DATASET EXCERPT Block Start
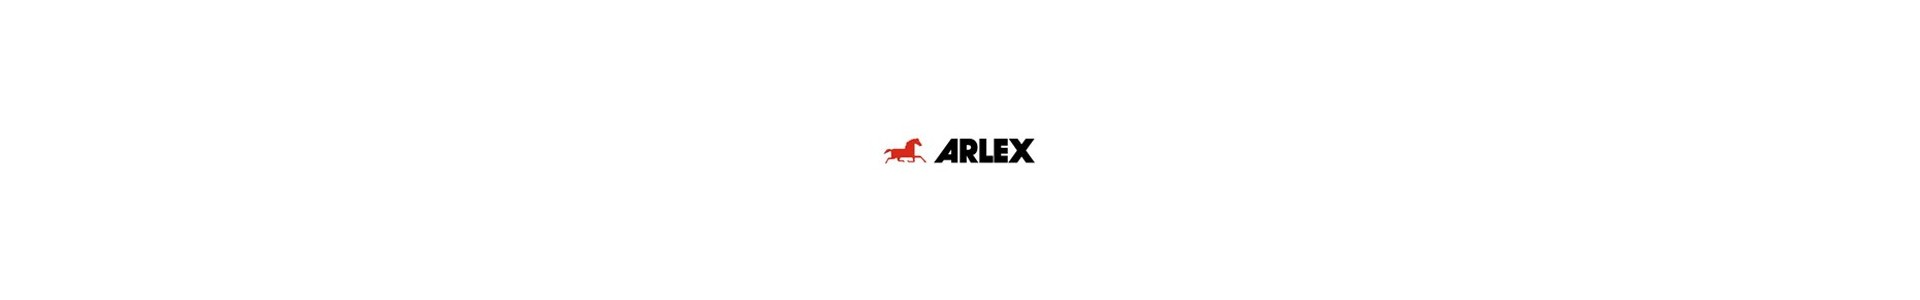 Arlex
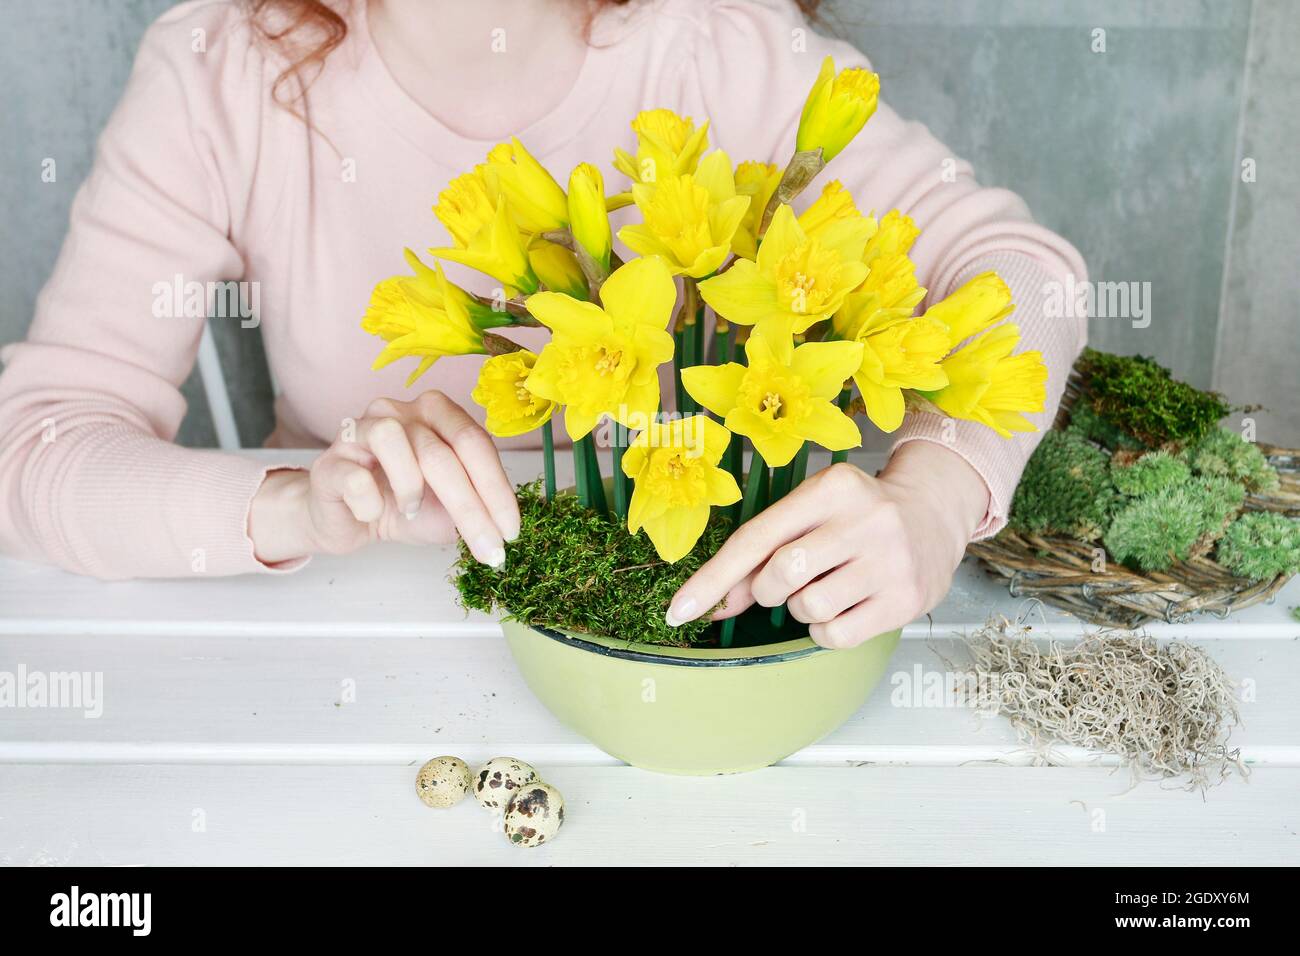 Fleuriste au travail: Comment faire la décoration de table de Pâques avec  des jonquilles et de la mousse dans un bol en céramique. Idées de  décoration printanière. Étape par étape, tutoriel Photo
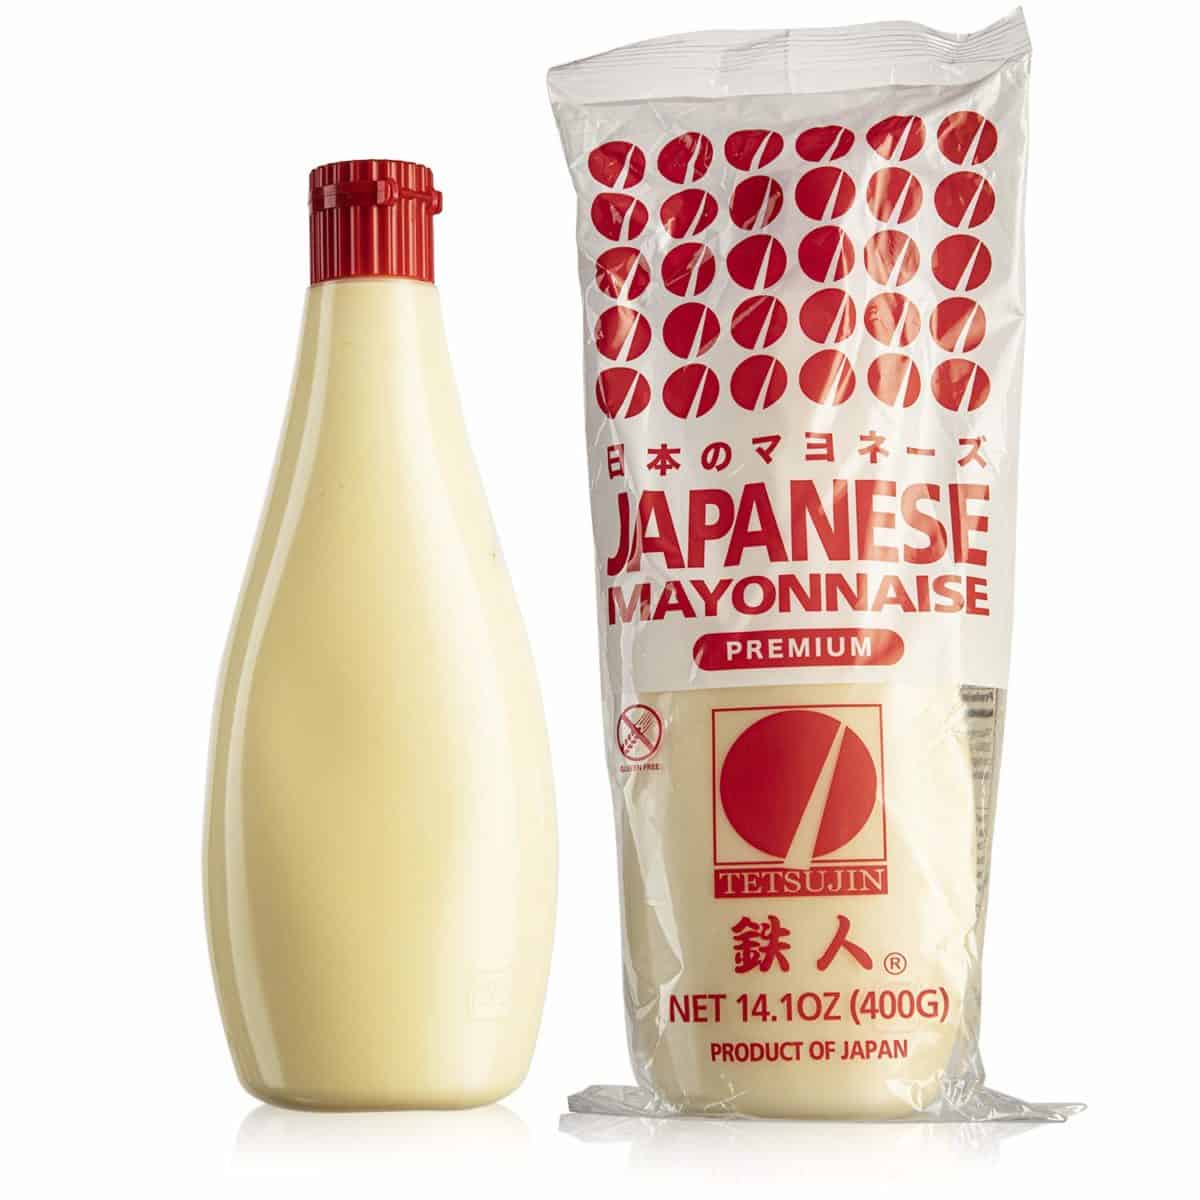 kewpie mayonnaise japonaise
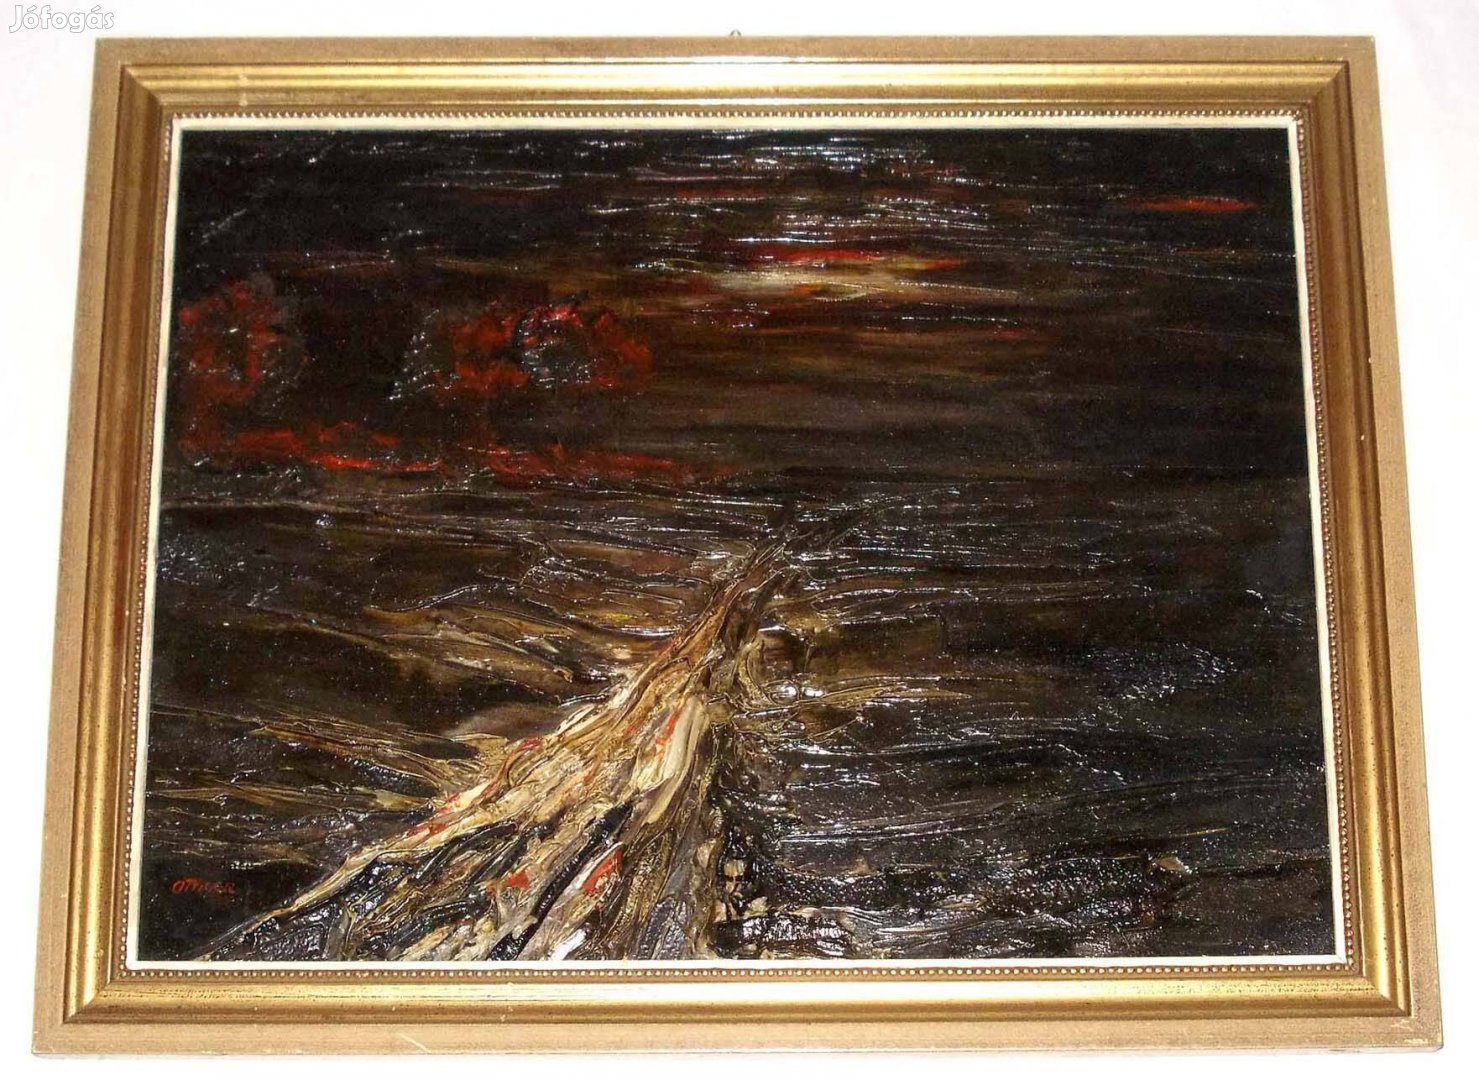 Robert Ottiger festmény. A svájci művész erős faktúrájú alkotása
DATASET EXCERPT Block End
» **PROBLEM**:
Begin at the line containing "Fleuriste au travail: Comment" and restate exactly every line through the end of the material, skipping the pictures.

» **COMPLETED TASK**:
 Fleuriste au travail: Comment faire la décoration de table de Pâques avec  des jonquilles et de la mousse dans un bol en céramique. Idées de  décoration printanière. Étape par étape, tutoriel Photo
 kewpie mayonnaise japonaise
 Robert Ottiger festmény. A svájci művész erős faktúrájú alkotása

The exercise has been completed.